The boat is normally fitted with a small 3 to 6 hp outboard motor for docking and maneuvering.

The design has sleeping accommodation for four people, with a double "V"-berth in the bow cabin and two straight settee berths in the main cabin. The galley is located on the starboard side just aft of the bow cabin. The galley is equipped with a two-burner stove and a sink. A cooler maybe stowed under the companionway. The head is located under the bow cabin "V"-berth. Cabin headroom is 49 in. The fresh water tank has a capacity of 5 u.s.gal.

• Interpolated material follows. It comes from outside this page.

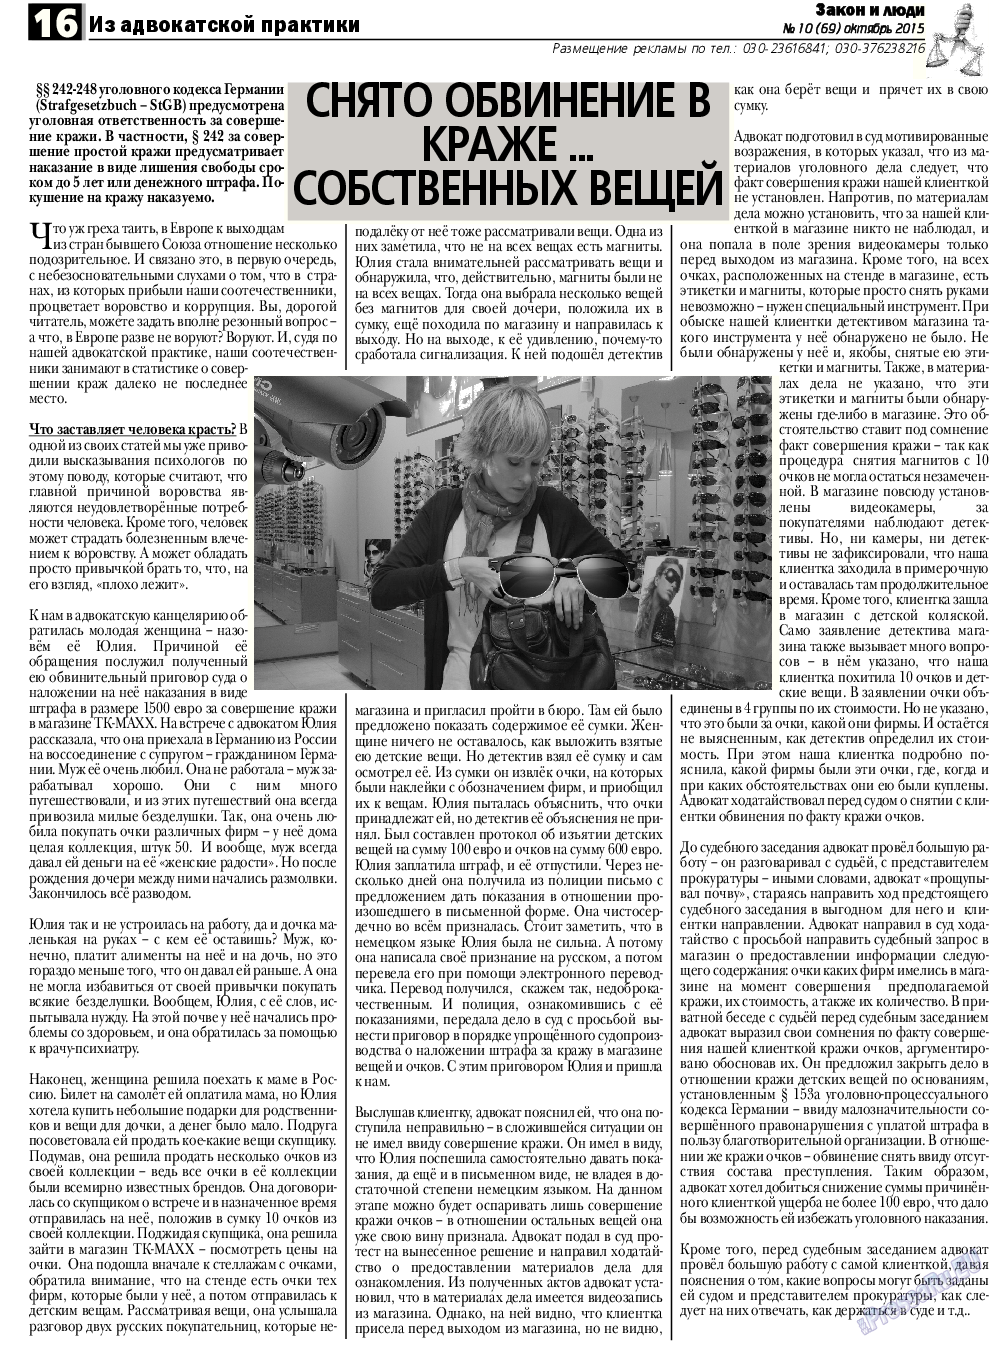 Закон и люди, газета. 2015 №10 стр.16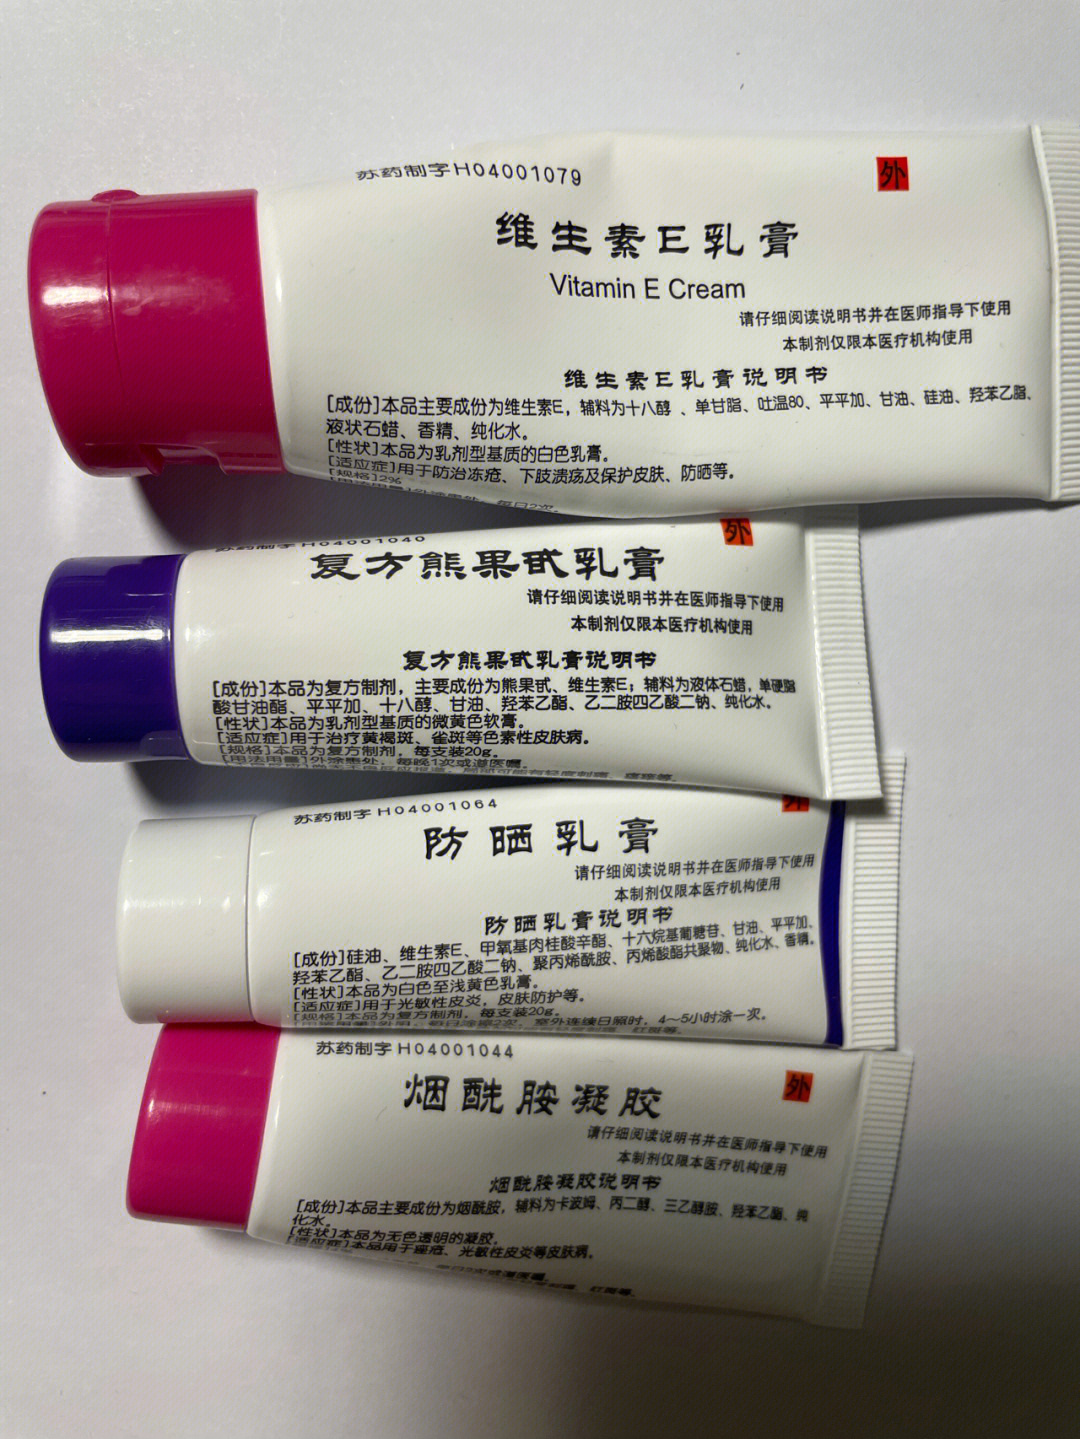 极简生活   微信上买的南京皮研所的维生素e乳膏,防晒乳膏,烟酰胺凝胶

The design has a PHRF racing average handicap of 258 and a hull speed of 5.9 kn.

==Reception==
In a 2010 review Steve Henkel wrote, "The 21- and 22-foot size range is a good length of boat for newish sailors starting out or those moving up from a beach boat or small daysailer. The O'Day 222 ... is a follow-on to the popular O'Day 22 ... The 222 has a deeper board-up draft, but also a deeper board-down draft, which improves upwind performance. Best features: The O'Day 222's size and modest sailplan and masthead rig make her relatively simple to sail. Worst features: Her Space Index is lowest of the comp group, as is her headroom. Beware, big and tall people. Her outboard is mounted on her transom, a long way from the helmsman’s control. The mainsheet, led aft to the transom, can become entangled with the outboard under certain conditions; some owners have installed a traveler in the forward end of the cockpit to eliminate this problem. The O'Day 222's rudder was made in a sandwich of two fiberglass skins with foam in between. Owners report their rudders are easily broken (e.g., carried away for the same reason as the O'Day 22's rudder). Chainplates also seem to be a weak point, and bear frequent inspection."